Data extract:

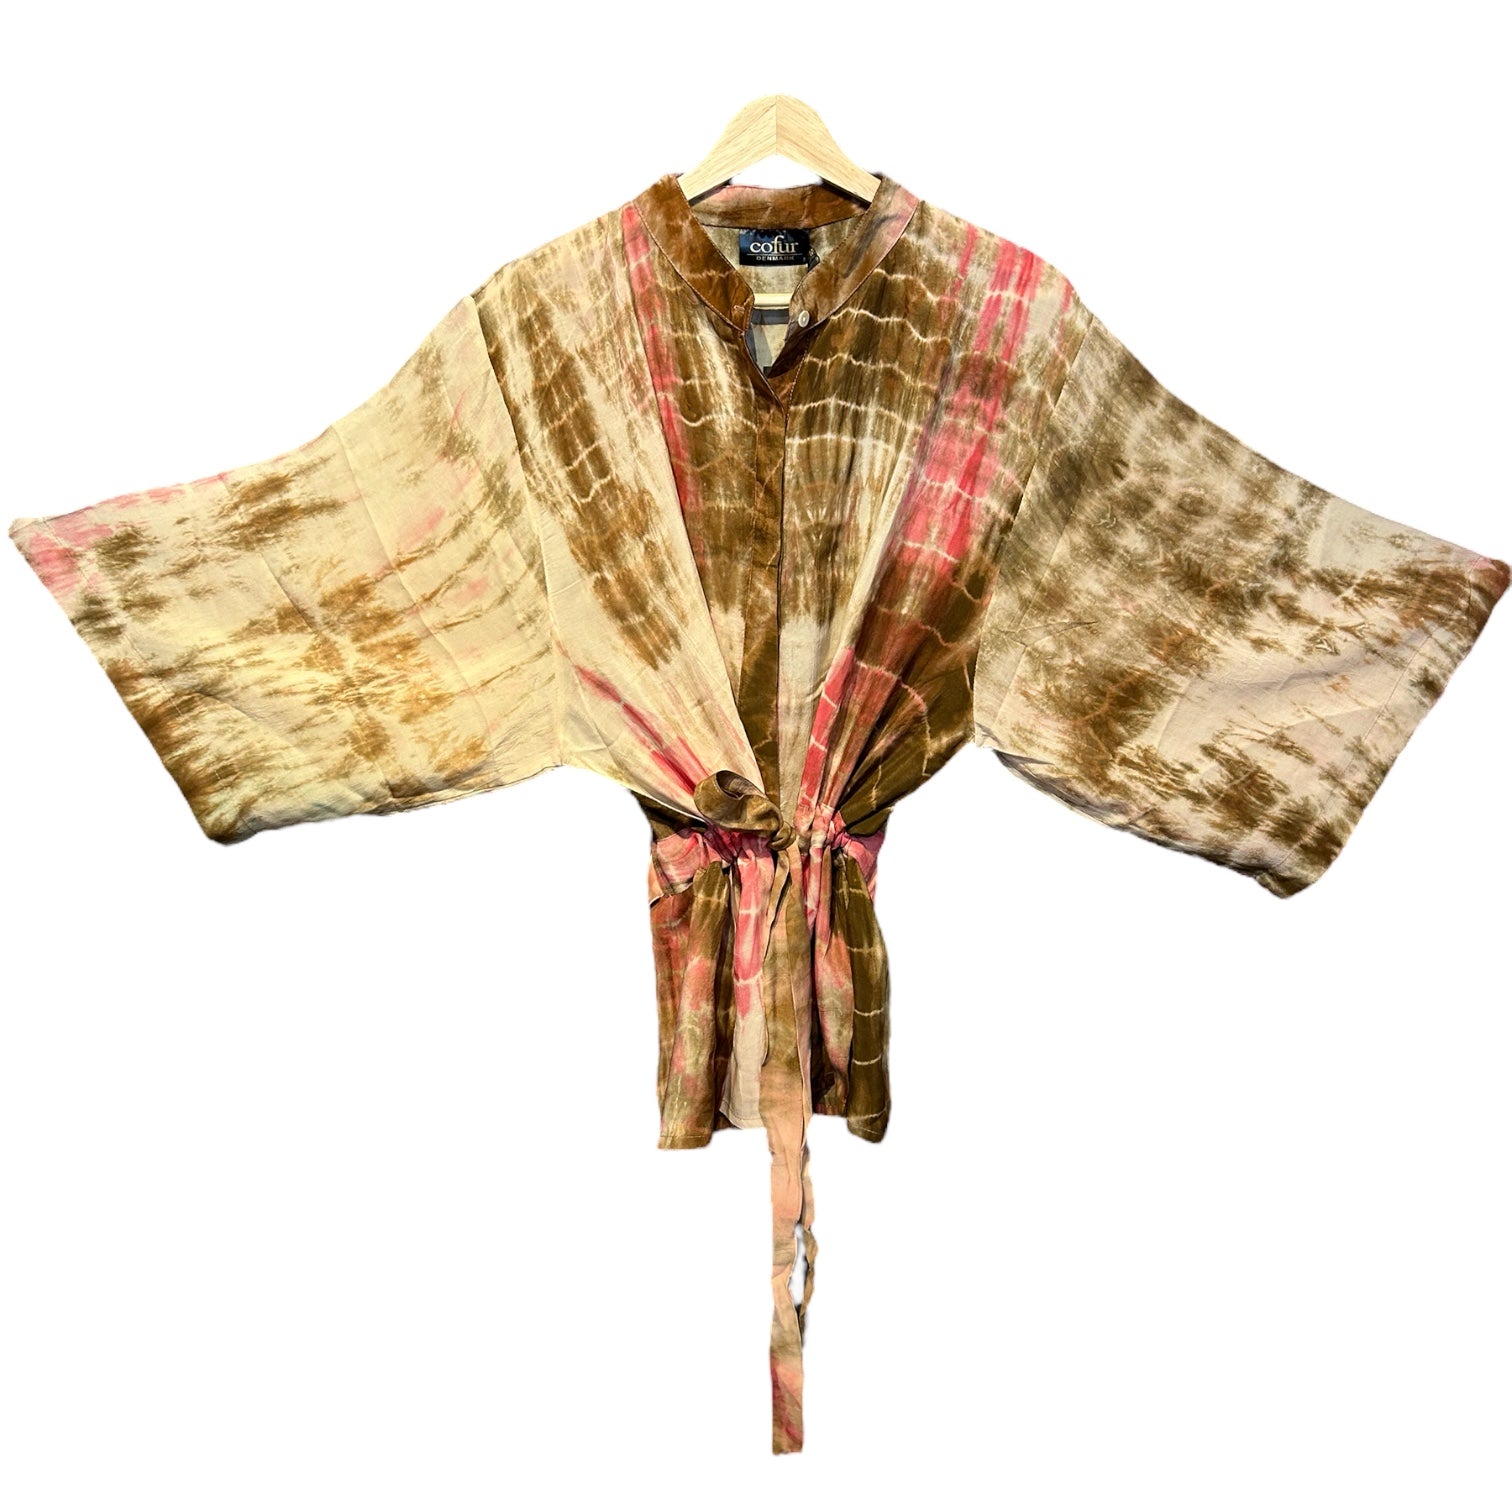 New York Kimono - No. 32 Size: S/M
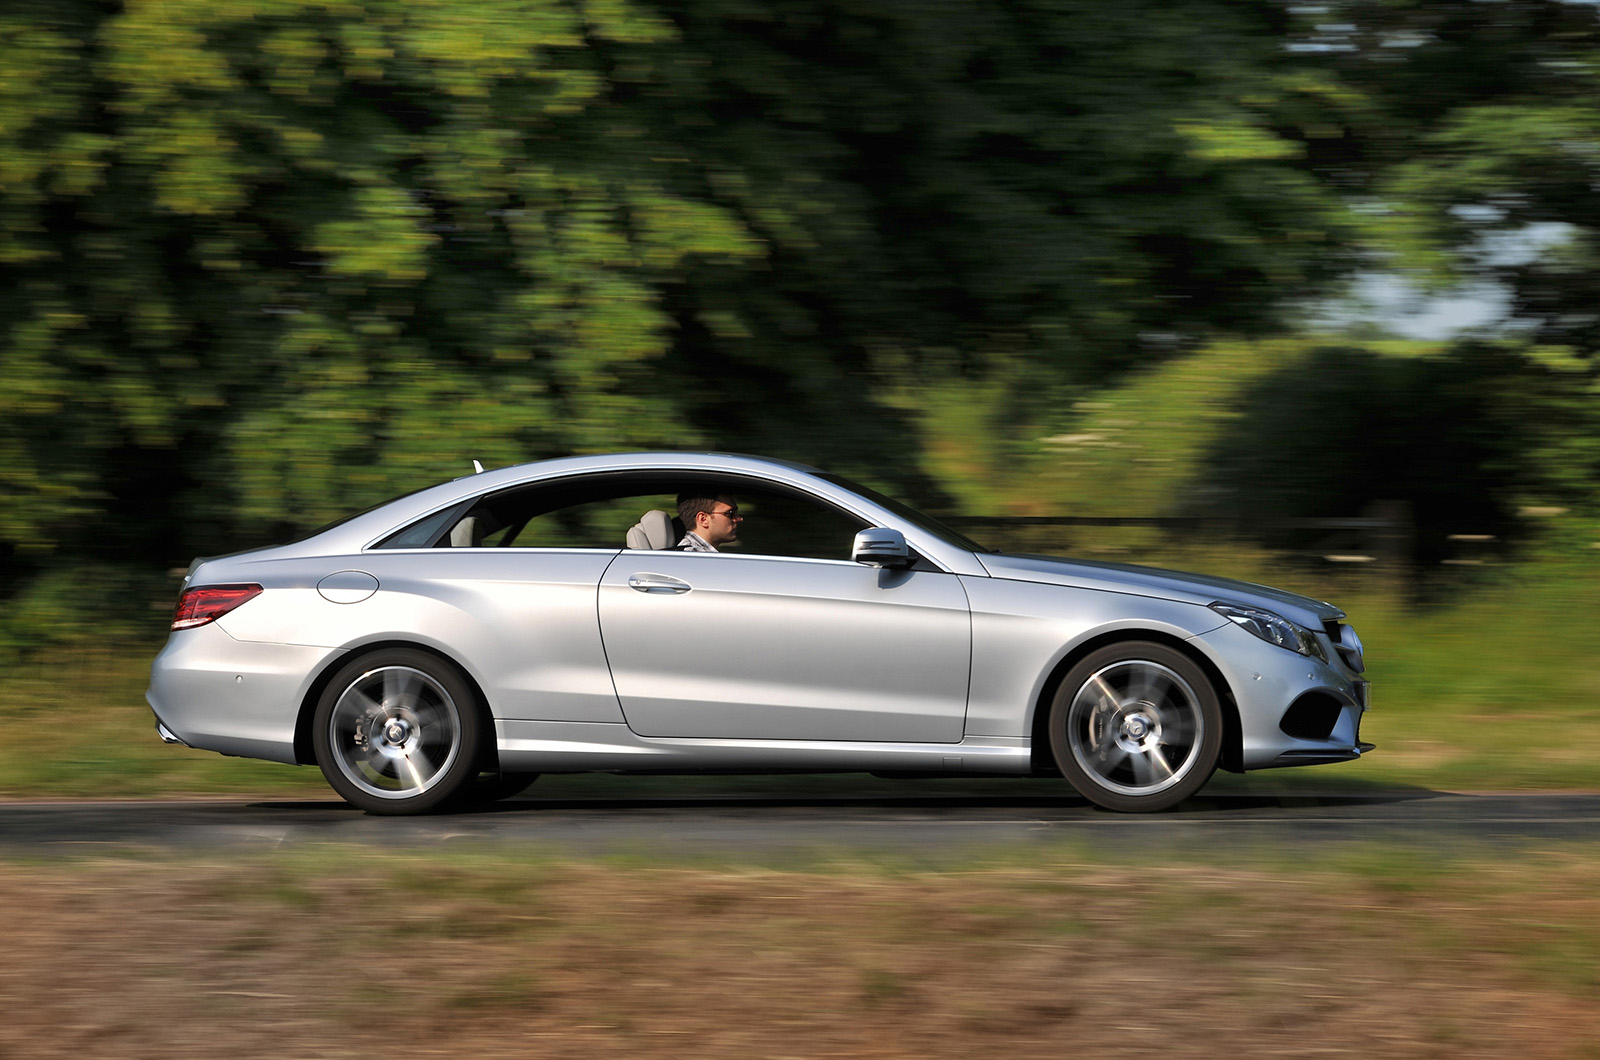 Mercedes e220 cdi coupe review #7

---

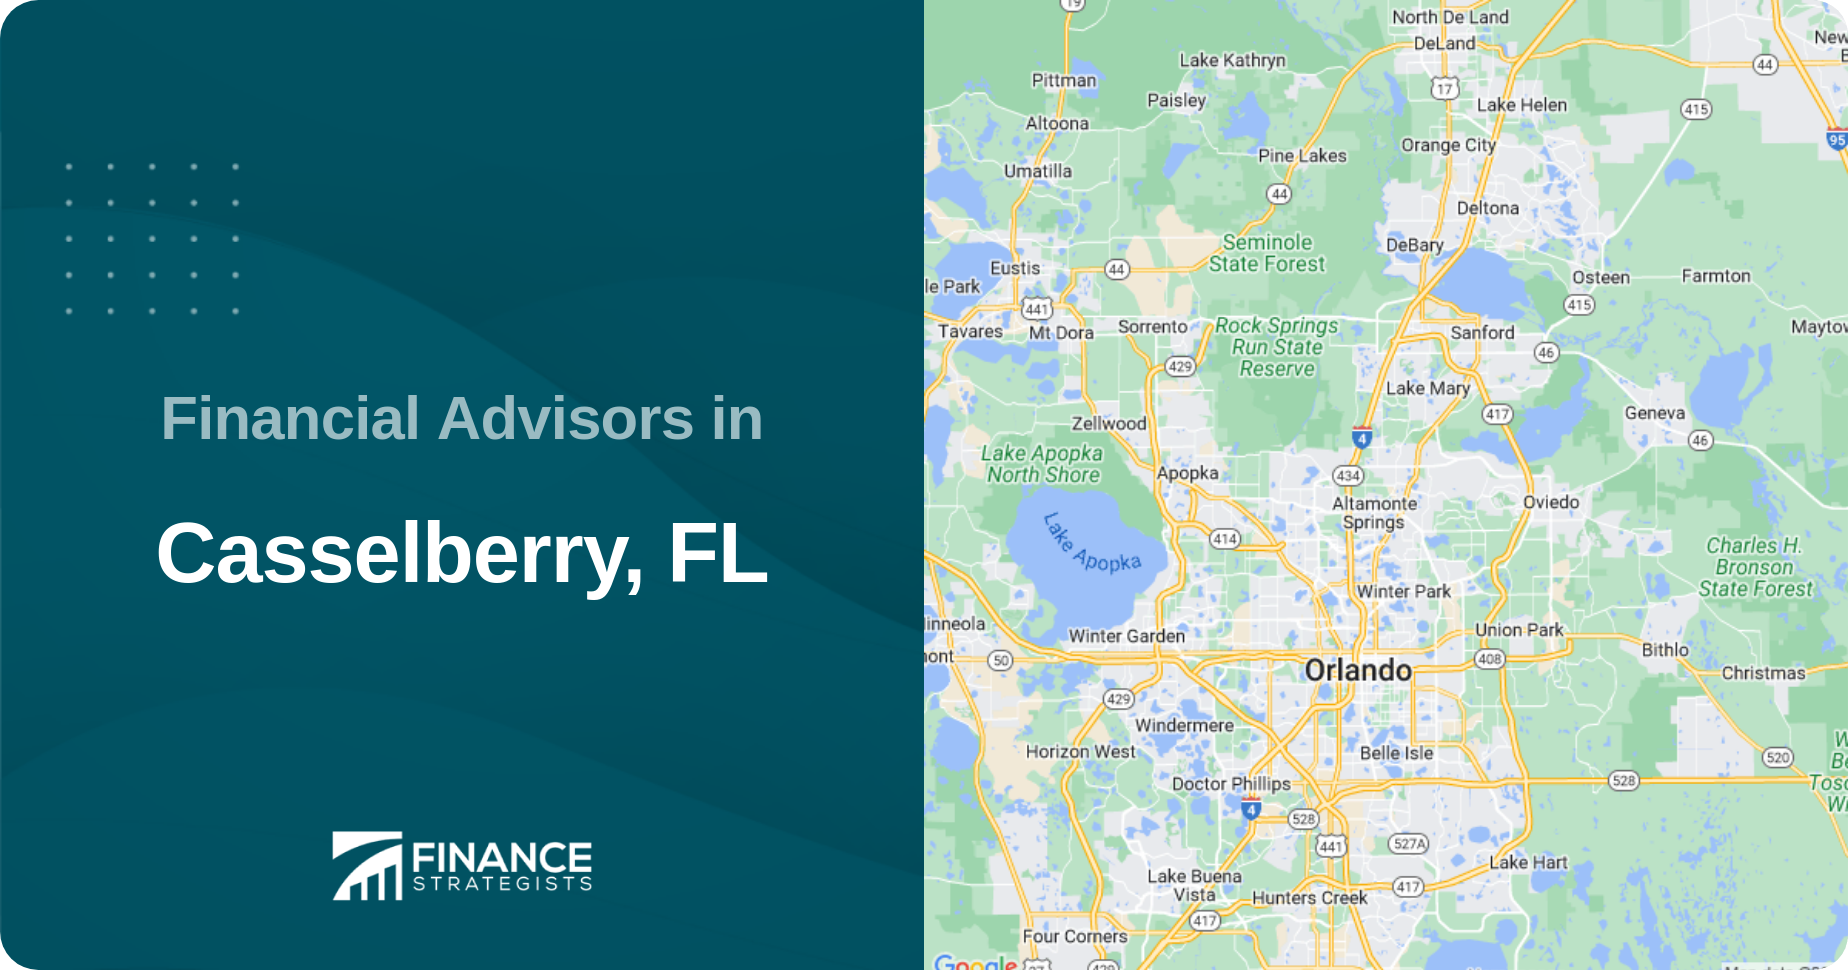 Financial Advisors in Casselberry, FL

---

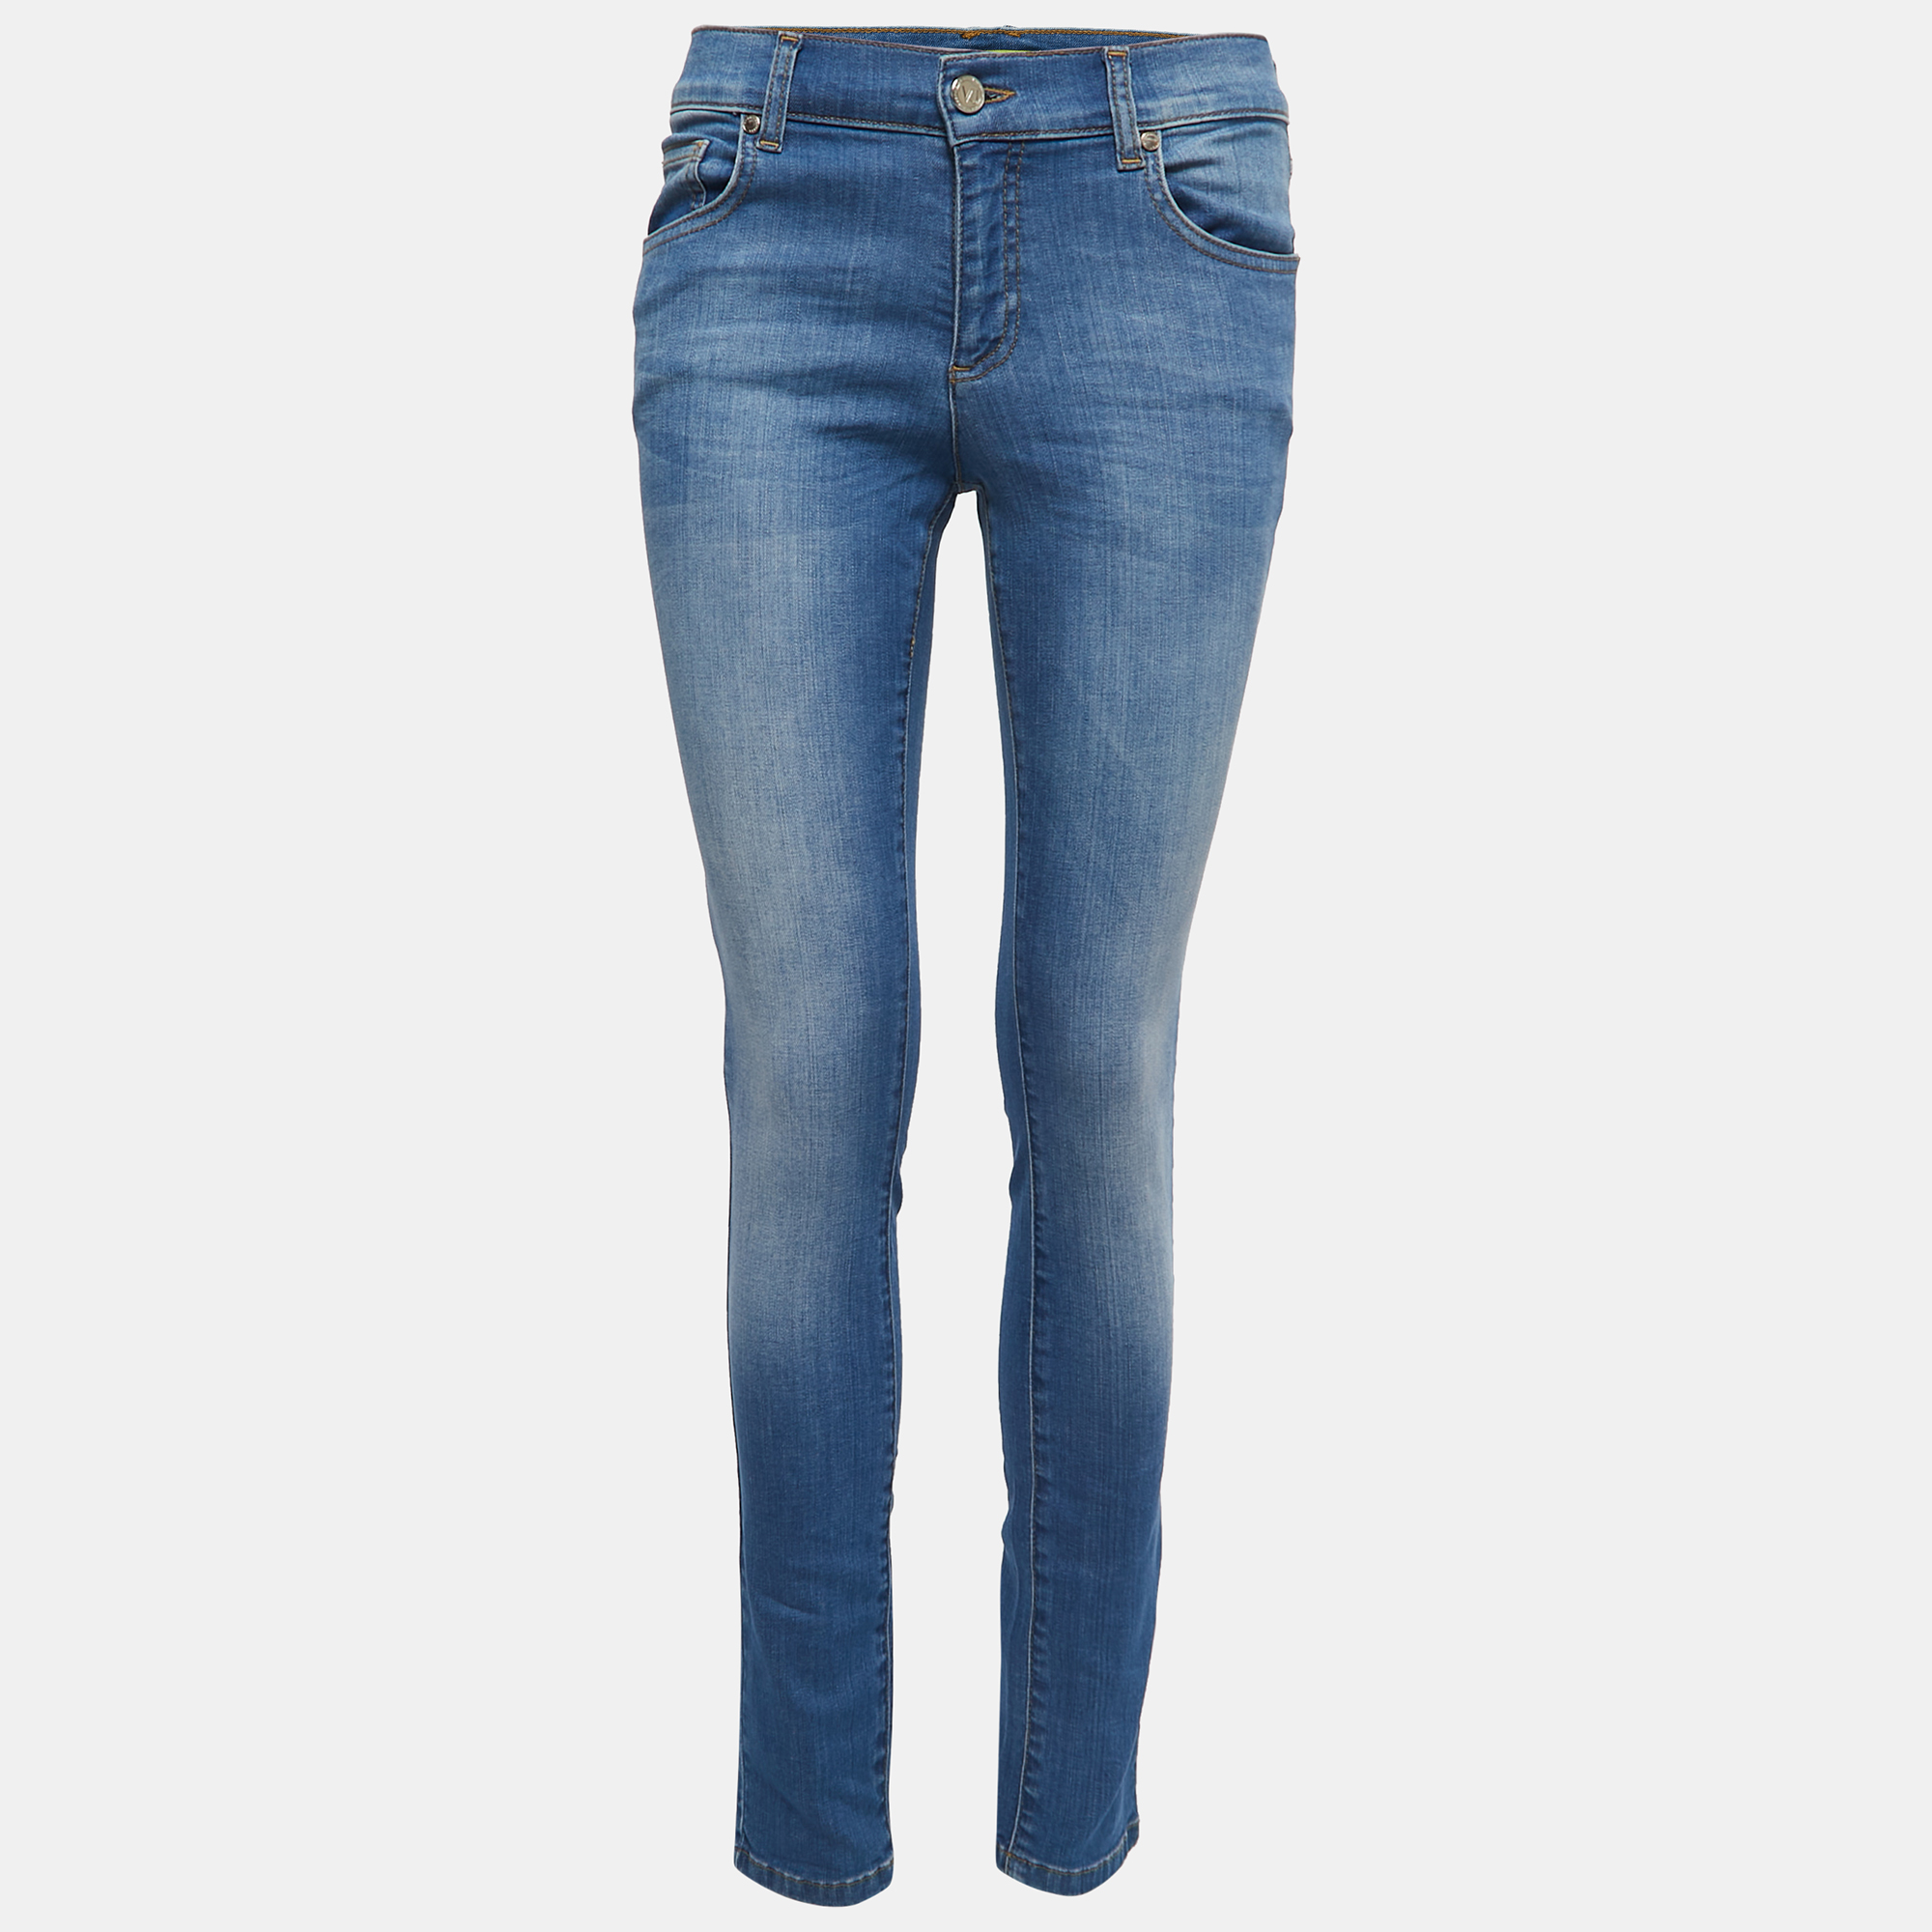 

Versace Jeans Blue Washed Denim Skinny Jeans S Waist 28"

What you should do: Copy the entries above exactly, but only the stretch from the line containing "New York Kimono - No. 32 Size: S/M" through the line containing "Mercedes e220 cdi coupe review #7". Keep both end lines; drop the pictures.

Exercise response:
 New York Kimono - No. 32 Size: S/M
 Mercedes e220 cdi coupe review #7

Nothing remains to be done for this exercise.